Today's AI news: Claude in the Kill Chain, Polymarket Whales, and Code Theft, Agent Security: The Feedback Loop Closes, The Bug in the Weights, The Agentic Developer Stack Takes Shape, Local Model Craft: Qwen 3.5 and Bare-Metal Inference, Real-Time Voice and Video Synthesis. 22 sources curated from across the web.

Claude in the Kill Chain, Polymarket Whales, and Code Theft

The Anthropic-Pentagon feud reached a new level of absurdity this week. According to a Washington Post report, the U.S. military's Maven Smart System — built by Palantir — relied heavily on Anthropic's Claude to process satellite and surveillance data for a 1,000-target airstrike campaign against Iran during its first 24 hours. The system suggested precise target coordinates and prioritized strikes in real time. The twist: the Pentagon had publicly banned Claude just the week prior, following a bitter standoff over Anthropic's usage policy requiring guarantees against mass surveillance and autonomous weapons. The ban apparently did not extend to the classified systems where Claude was already integrated via Palantir. (more: https://www.reddit.com/r/OpenAI/comments/1rkhxfd/anthropics_ai_tool_claude_central_to_us_campaign/)

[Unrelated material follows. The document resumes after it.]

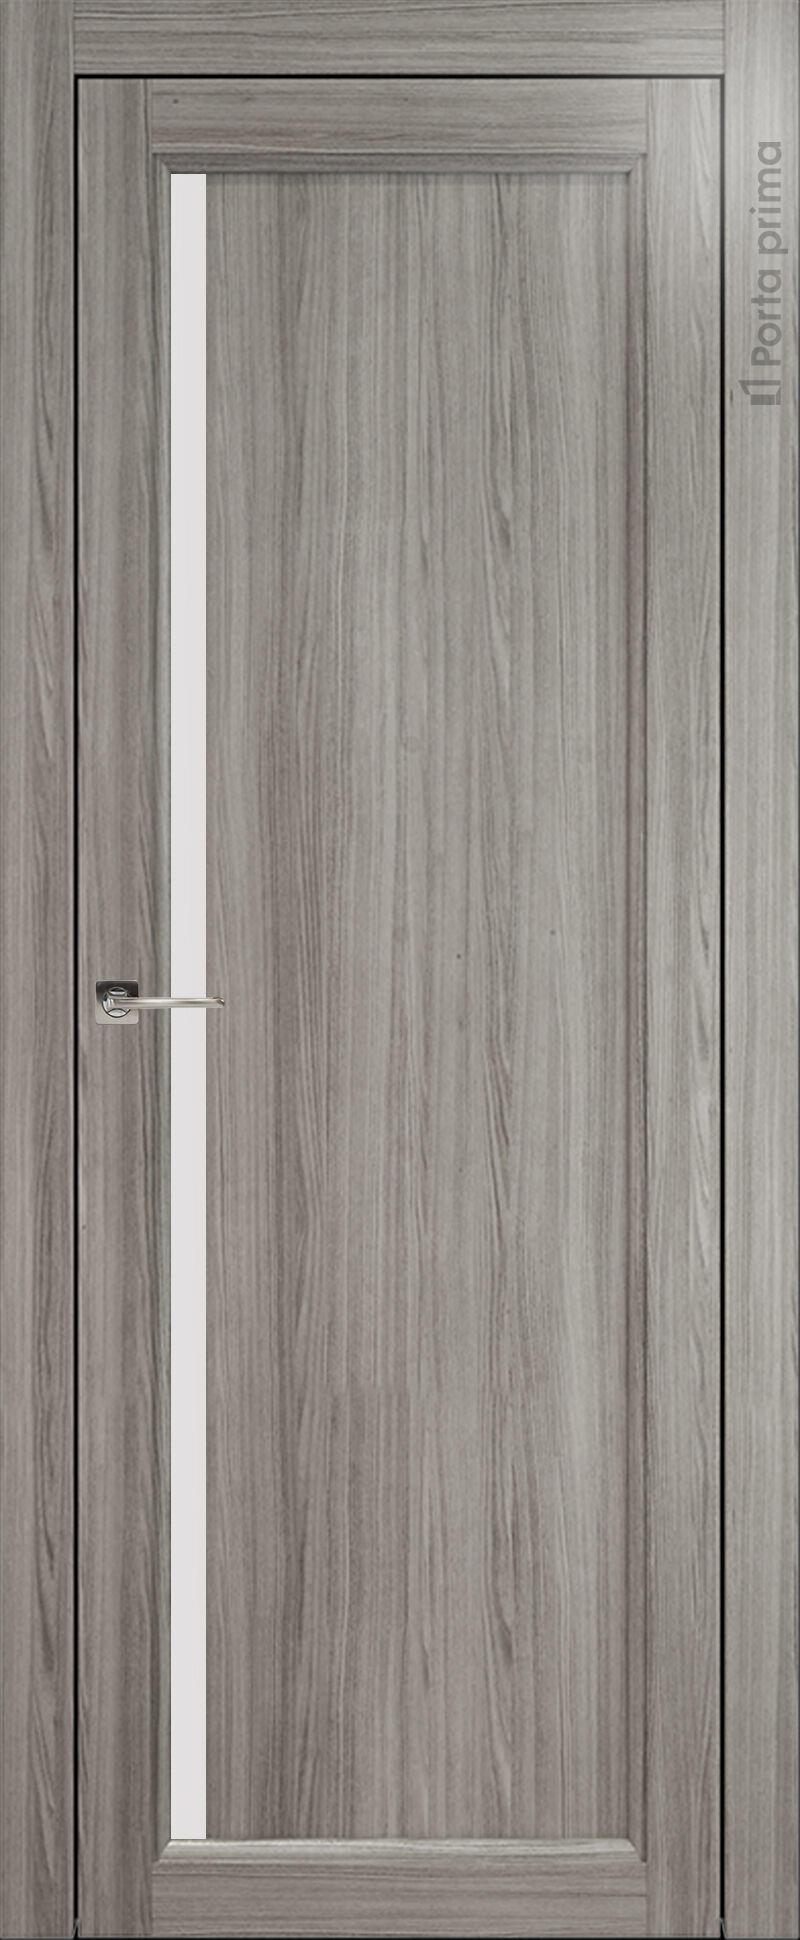 Sorrento-R З4 цвет - Орех пепельный Без стекла (ДГ)

The AI industry is generating its own species of corporate misconduct at an impressive clip. WIRED reports that OpenAI fired an employee earlier this year for using confidential company information to trade on prediction markets including Polymarket. CEO of Applications disclosed the termination in an internal message. The company has not named the individual or detailed the trades, but blockchain analysis by Unusual Whales flagged 77 suspicious positions across 60 wallet addresses tied to OpenAI-themed events since March 2023. The clustering pattern is the tell: in the 40 hours before OpenAI launched its browser product, 13 brand-new wallets with zero trading history appeared to collectively bet $309,486 on the correct outcome. In another case, two days after Sam Altman was ousted in November 2023, a fresh wallet bet he would return and netted over $16,000 — then never traded again. Kalshi has begun reporting suspicious cases to the CFTC; Polymarket has stayed silent. This is almost certainly not an isolated incident — as prediction markets expand into technology sector events, every product launch and leadership change becomes a potential insider trading opportunity. (more: https://www.wired.com/story/openai-fires-employee-insider-trading-polymarket-kalshi/)

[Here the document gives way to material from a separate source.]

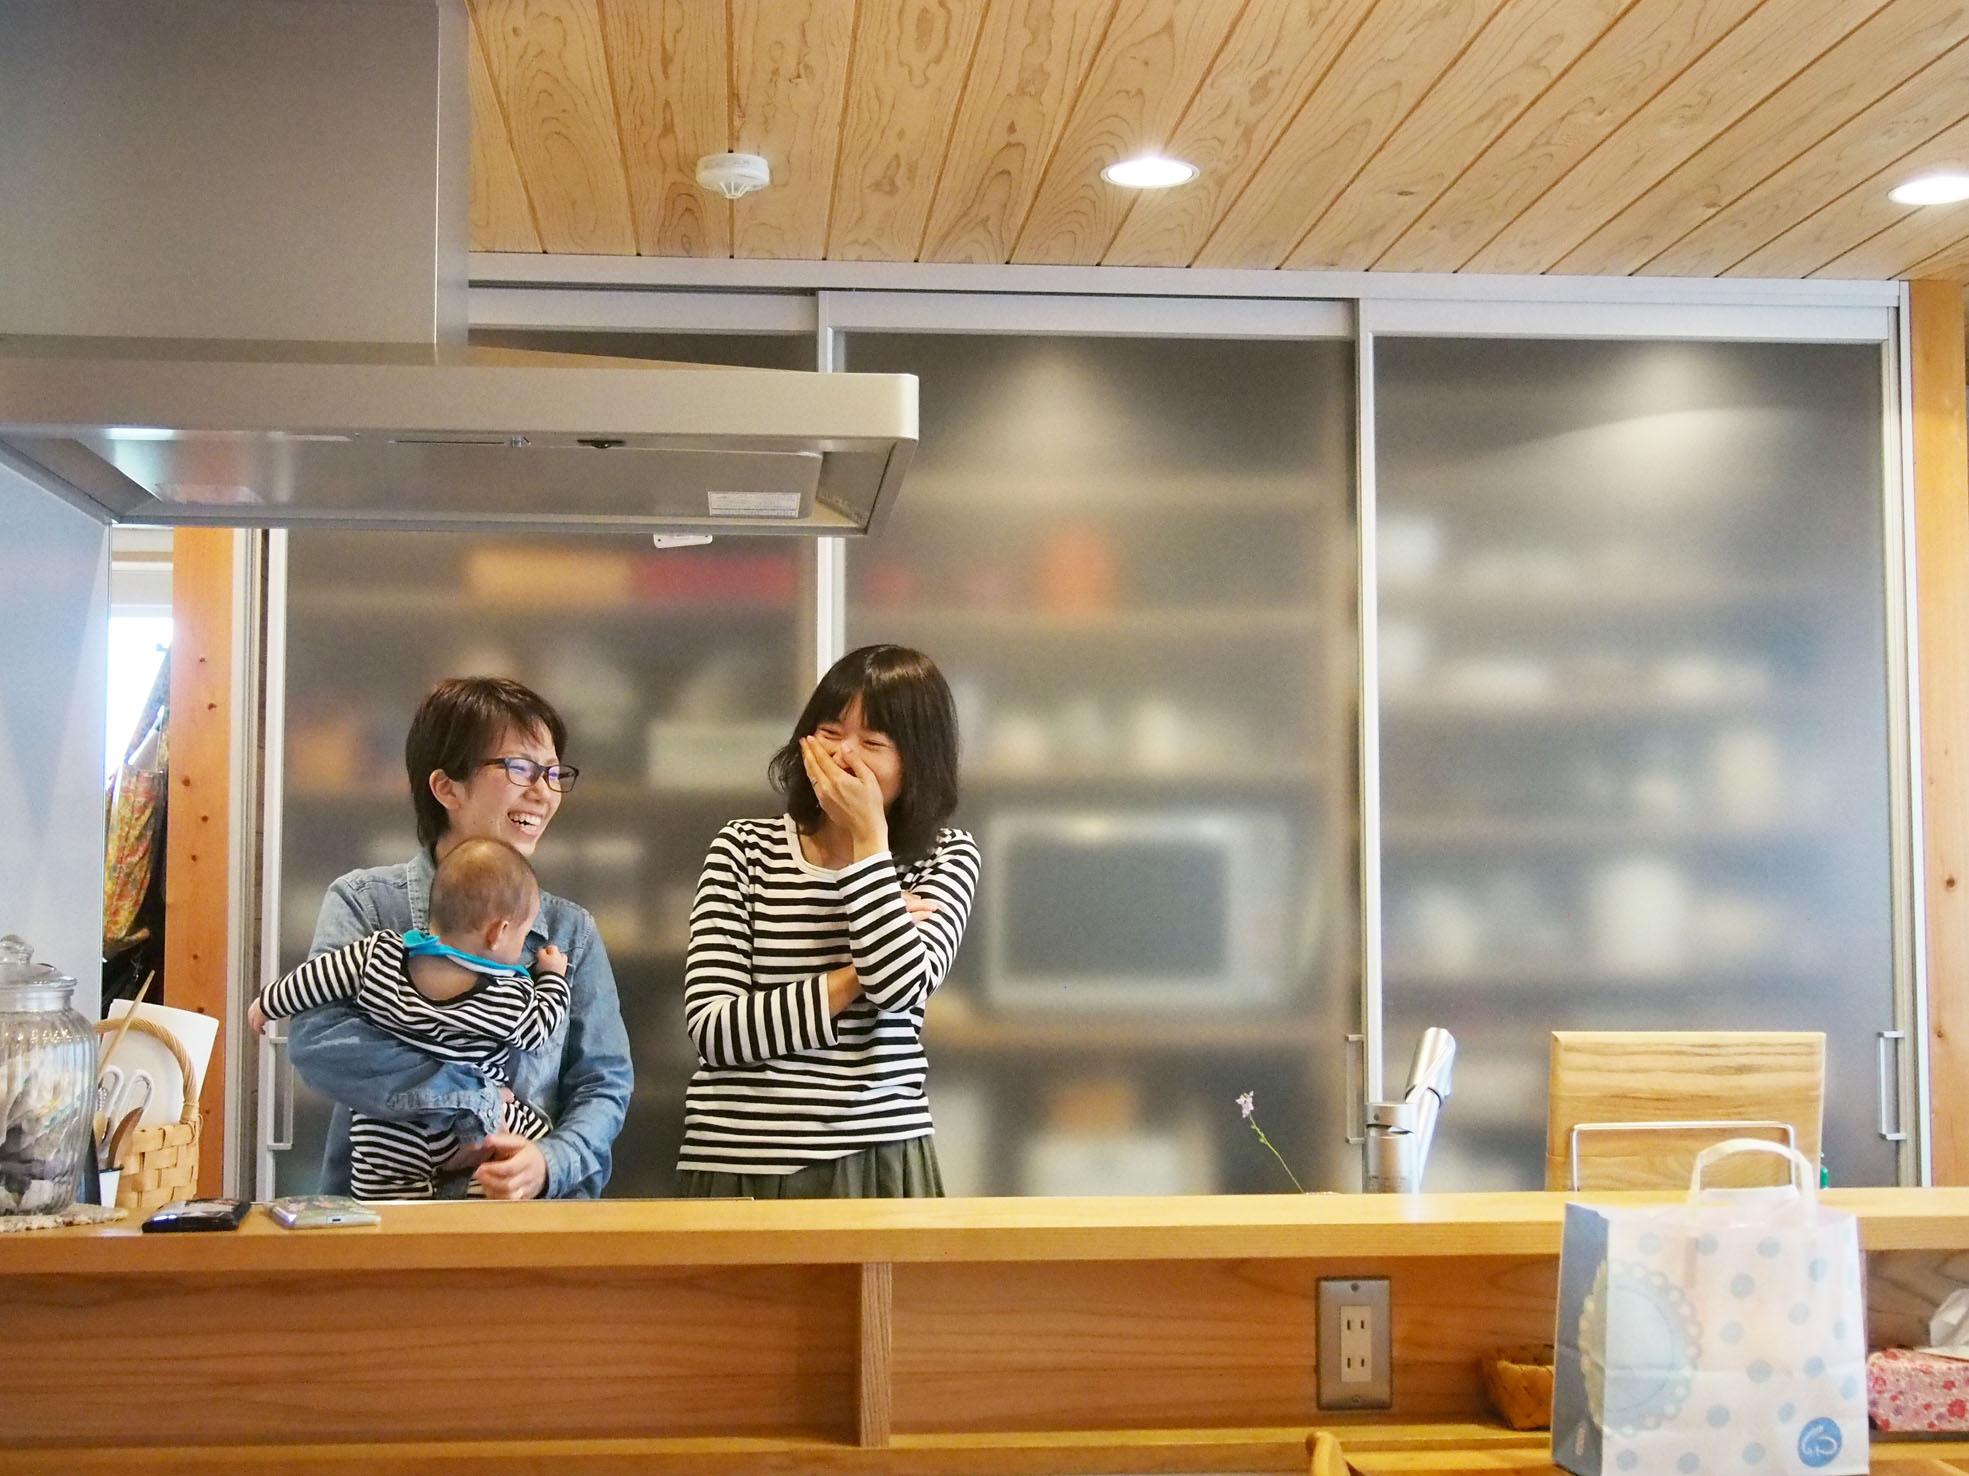 小屋裏エアコンで電気代を3千円浮かすと健康になる?

Meanwhile in the Chinese AI ecosystem, three independent repositories have documented roughly 90% code overlap between MiniMax's agent tooling and Kimi's built-in skills. The community reaction was a collective shrug — as one commenter noted, "every big corp steals our data to make their own Skynet and then sells it back to us," running through OpenAI's web scraping, Meta's torrent-sourced training data, DeepSeek's distillation of OpenAI models, and Kimi's distillation of those in turn. At this point the intellectual property chain resembles a game of telephone where everyone is copying the person who copied the person who copied the original. (more: https://www.reddit.com/r/LocalLLaMA/comments/1reey6u/minimaxs_agent_code_has_90_overlap_with_kimis/)

Agent Security: The Feedback Loop Closes

The security story around AI agents is maturing rapidly from taxonomy to tooling, and this week delivered evidence on all three fronts: attack, defense, and detection.

On the attack side, a systematic study tested whether invisible Unicode characters can hijack LLM agents — what the researchers call a "Reverse CAPTCHA." Across 8,308 graded outputs spanning five models (GPT-5.2, GPT-4o-mini, Claude Opus 4, Sonnet 4, Haiku 4.5), two encoding schemes were tested: zero-width binary and Unicode Tags. The critical finding: without tool access, compliance with hidden instructions stays below 17%. But give the model tools and decoding hints, and compliance reaches 98-100% — models write Python scripts to decode the hidden characters on their own. OpenAI models decode zero-width binary but not Unicode Tags; Anthropic models prefer Tags. All ten pairwise model comparisons were statistically significant (Fisher's exact test, Bonferroni-corrected, p < 0.05, Cohen's h up to 1.37). The practical takeaway: tool access is the primary amplifier, and attackers must tailor their encoding to the target model. (more: https://www.reddit.com/r/LocalLLaMA/comments/1rfjkzu/reverse_captcha_we_tested_whether_invisible/)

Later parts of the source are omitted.